Хвостенко свойственны резкие, неожиданные переходы во времени, пространстве и стиле: «Я жил во время Киевского государства, я жил во время Римской империи, я жил во время большого снегопада, я жил во время поисков пищи». Есть в его собрании и тексты, написанные как бы традиционным стихом, — но и они суть стремительные импровизации на «классические» темы: «Вот кулачок, что пуговка путейца, кулак огромный — белорусский сноп, стог сена — вот пейзаж — финал дагерротипа (разбойничья повадка барсука), и мы летим в корзинке цеппелина, рассматривая землю свысока. Где он теперь, где внутренности плода, что так Мичурин тщательно не знал, что так рояль, изъеденный жуками, все звуки гона в хор объединял».
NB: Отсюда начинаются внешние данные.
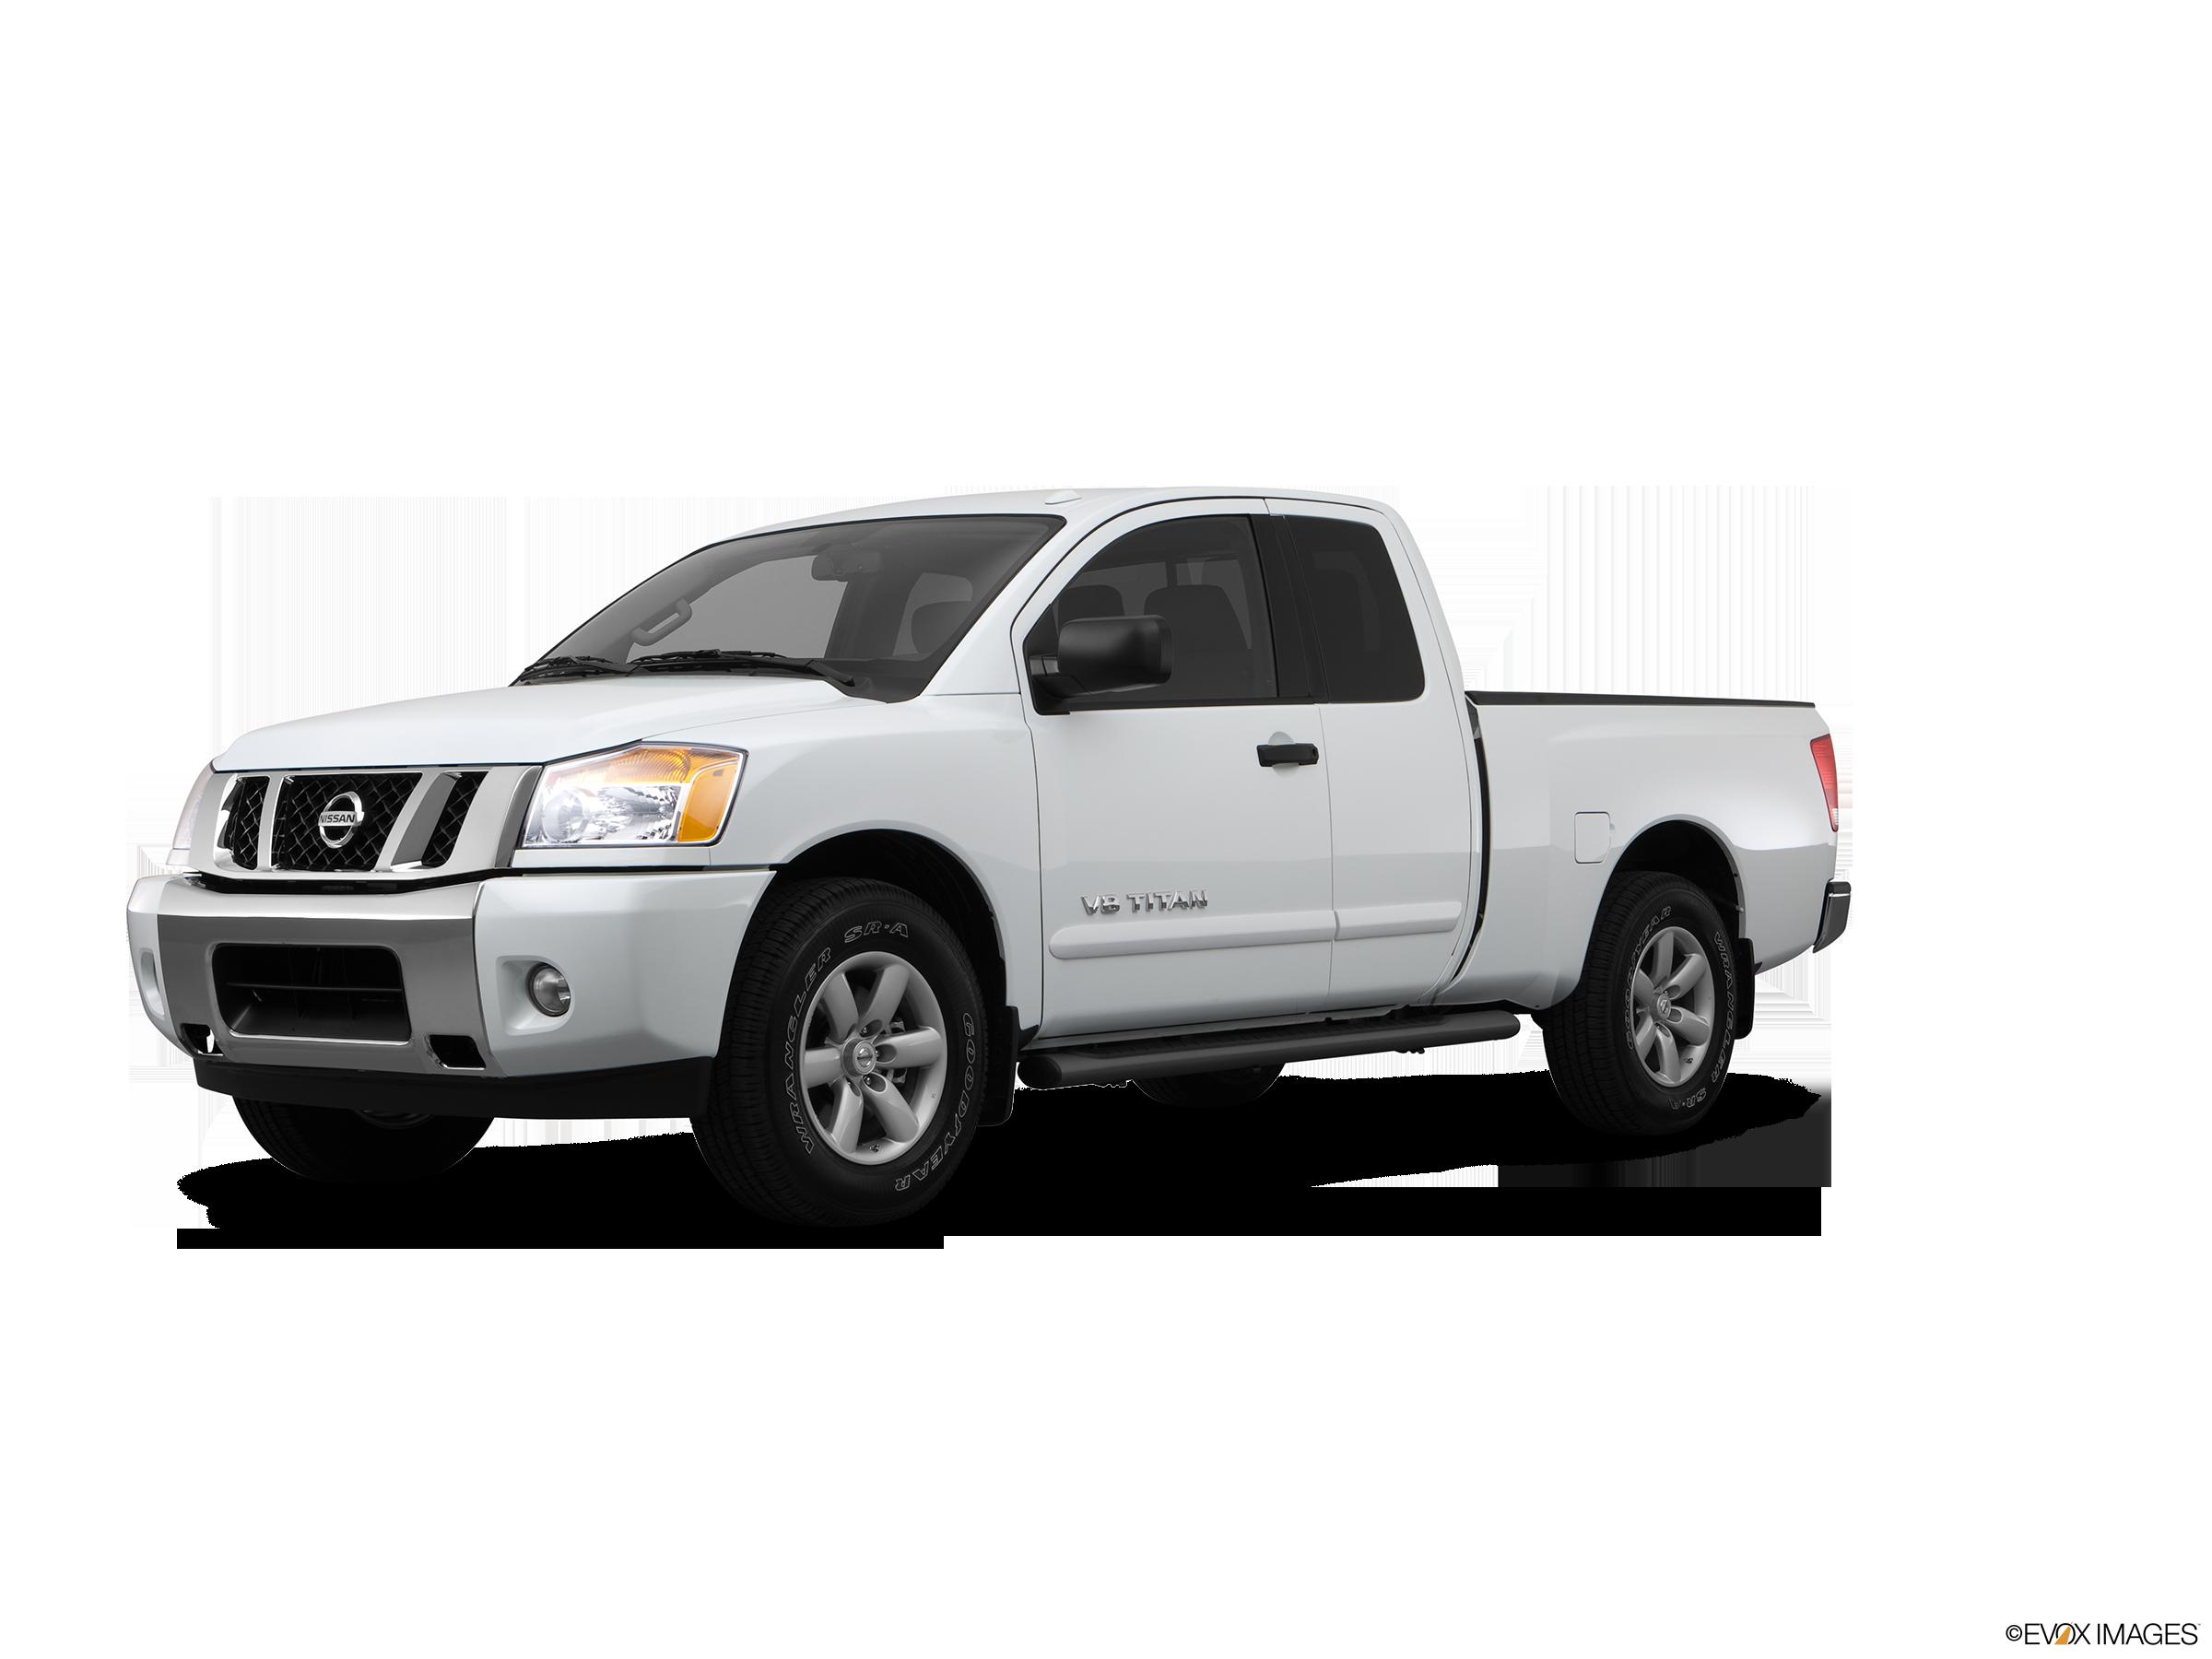 2013 Nissan Titan Values Cars For Sale Kelley Blue Book

Возвращаясь к стержневым темам искусства, вот пример, «подслушанный» Хвостенко у «шума» искусства, увиденный внутренним глазом художника, идиосинкратической интуицией поэта:
Пространство, свист, объединенный взглядом,
в скелет растения, где кроны силуэт,
был собран в дерево усилием сада,
в хранилище рассыпанных примет
усадьбы,
то свадьбу яблока глазного
празднуя с листом,
то слово
скрипом поворачивает к трели,
чтоб дерево легло мостом
от взгляда мысли
до зрачка свирели.
Близкое к той же теме стихотворение, «подслушанное» Рильке намного ранее — по-видимому, у того же «источника»:
Кто бы ты ни был, выйди вечером,
Из комнаты, где тебе знаком каждый угол;
Твой дом — последний там, где начинается бесконечность,
Кто бы ты ни был.
Потом, когда взгляд твой покинет порог
Дома, он медленно вознесет черное тенистое дерево
И оставит его в небе: хрупким, одиноким.
Так ты создаешь мир (и он будет расти и зреть, как слово,
Несказанное, неподвижное).
И когда усилием воли ты поймешь его смысл,
Только тогда глаза твои отпустят его на волю с нежностью…
(Р.М. Рильке. «Посвящение», перевод мой).
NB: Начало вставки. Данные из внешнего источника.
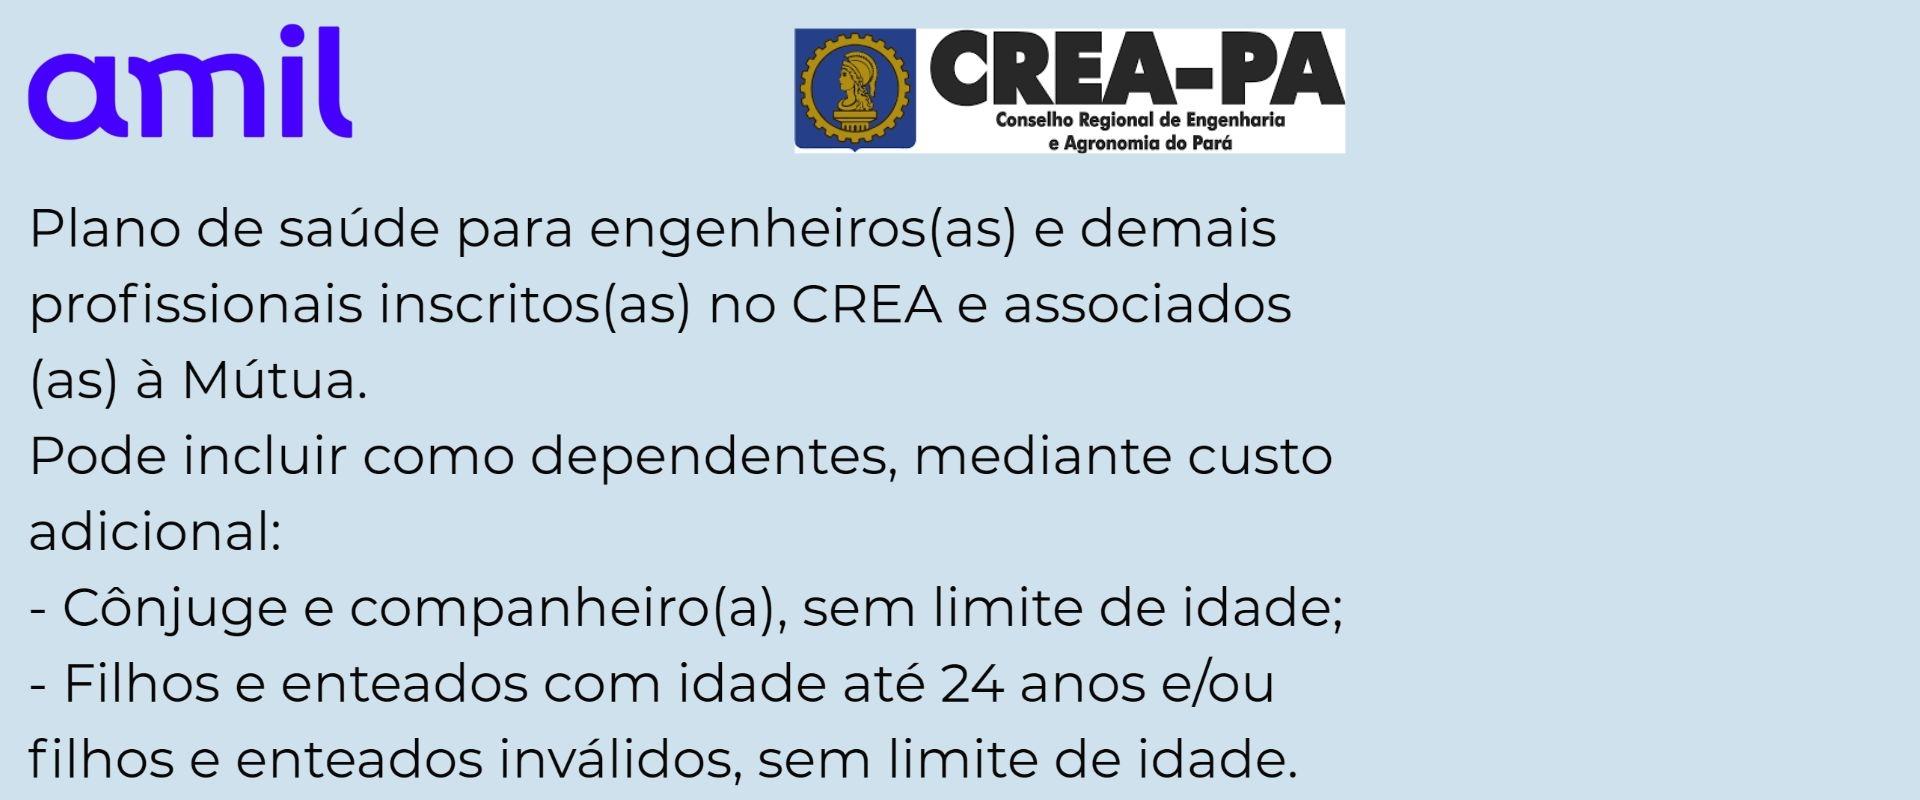 Amil CREA-PA

Для обоих художников первична не филология, а физиология творчества: только так и можно «подслушать» «шум времени» и шум истины. В другом стихотворении Хвостенко об этом прямо говорит: «…суть языка отсутствие / (отсутствие формы)! / отсутствие времени / суть языка / (истина формы)! / о / время коррозии!» Еще одна характерная черта Хвостенко, свойственная настоящим, не вторичным поэтам, — предметность, ощущение фактурности материала.
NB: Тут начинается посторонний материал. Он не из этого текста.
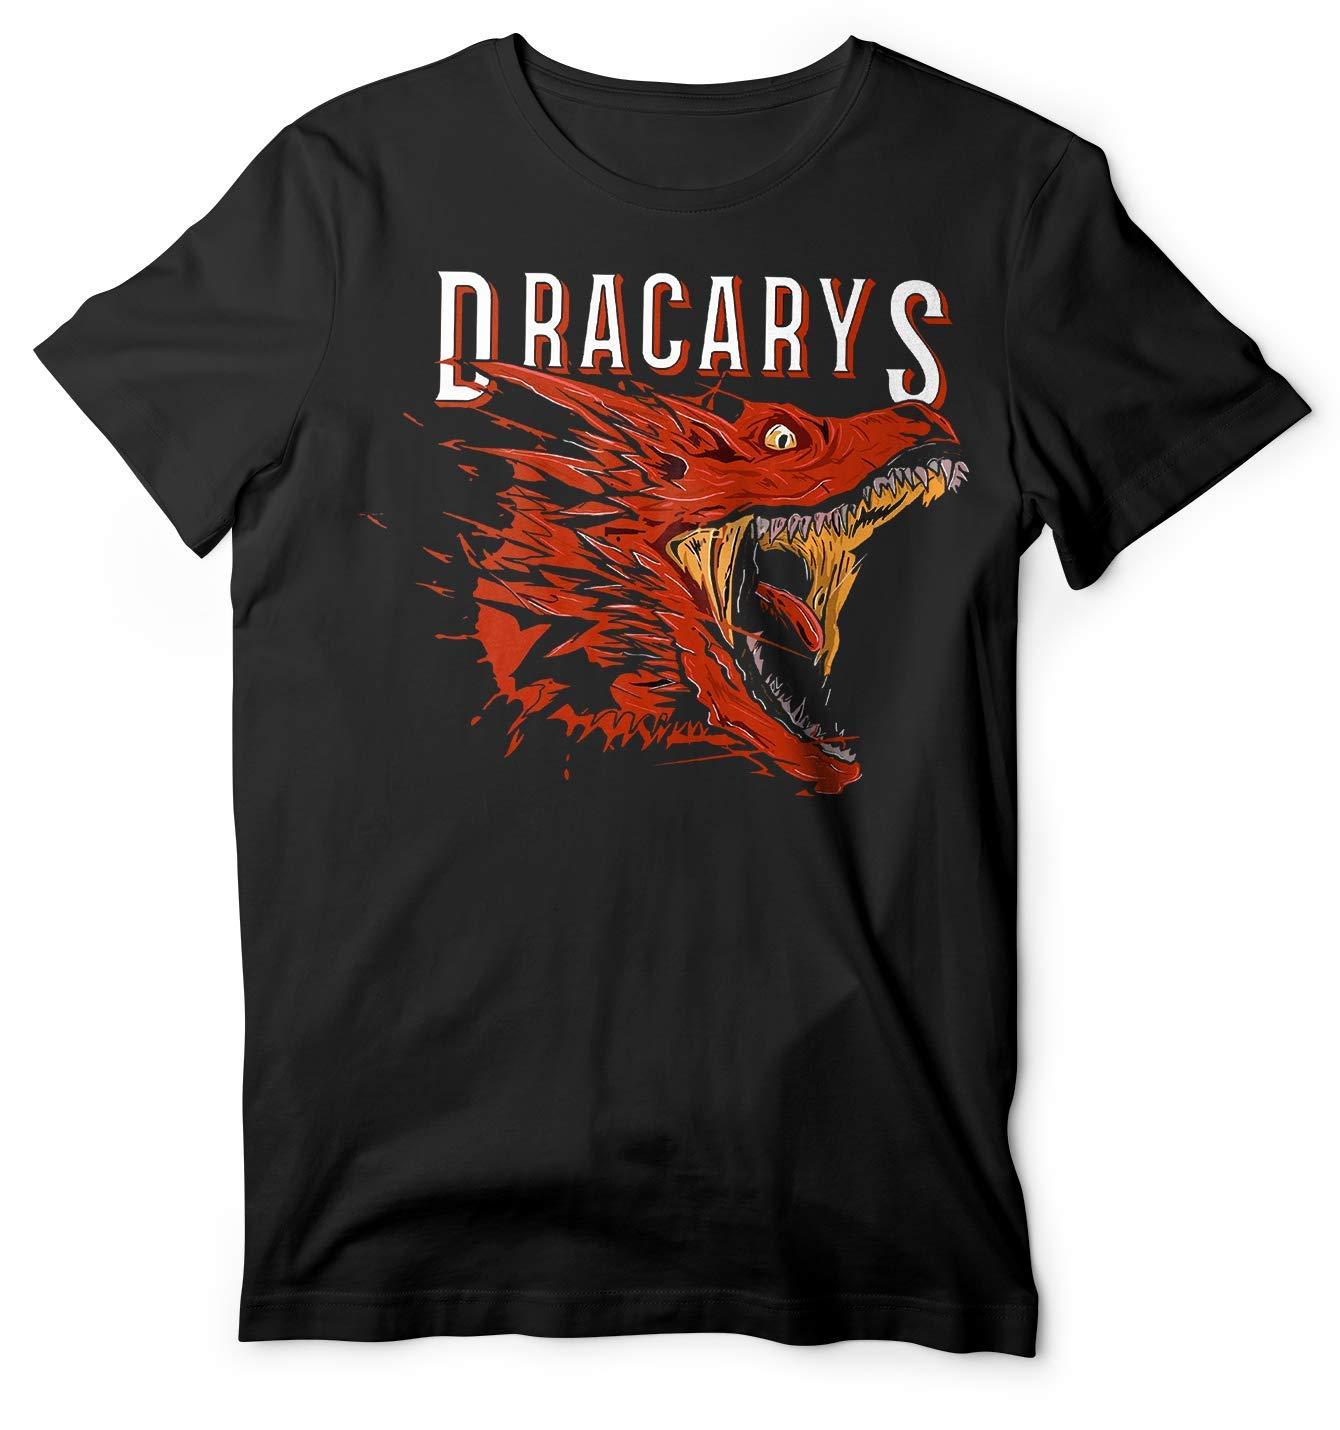 Dracarys Shirt Mother Of Dragons Khaleesi Shirt Dragon Fire 2361

Поэзия — пустая колыбель! —
весенний путь растаявшего мрака.
Земли кипеньем будущего злака
ложится звук в больничную постель.
Поэзия! Разбитый и больной,
сквозь шум воды твой госпиталь молчанья
я отыскал
Заметим: «госпиталь молчанья». «Соловей» Хвостенко понимал, что текучая субстанция поэзии только частью своей проявляется в метафорических бликах языка. А вот еще пример переноса внутреннего ландшафта на внешние явления (подход, характерный и для Рильке):
Свято дно, и святы труб
обгорелые бока
только вот не просит труп
черных крошек табака.
И в живописи, и в инсталляциях и скульптурах, собранных из найденных на помойке разнообразных вещей, и даже в музыке Хвостенко царит полное, тонко-профессиональное чувство фактуры материала, поверхности, звука.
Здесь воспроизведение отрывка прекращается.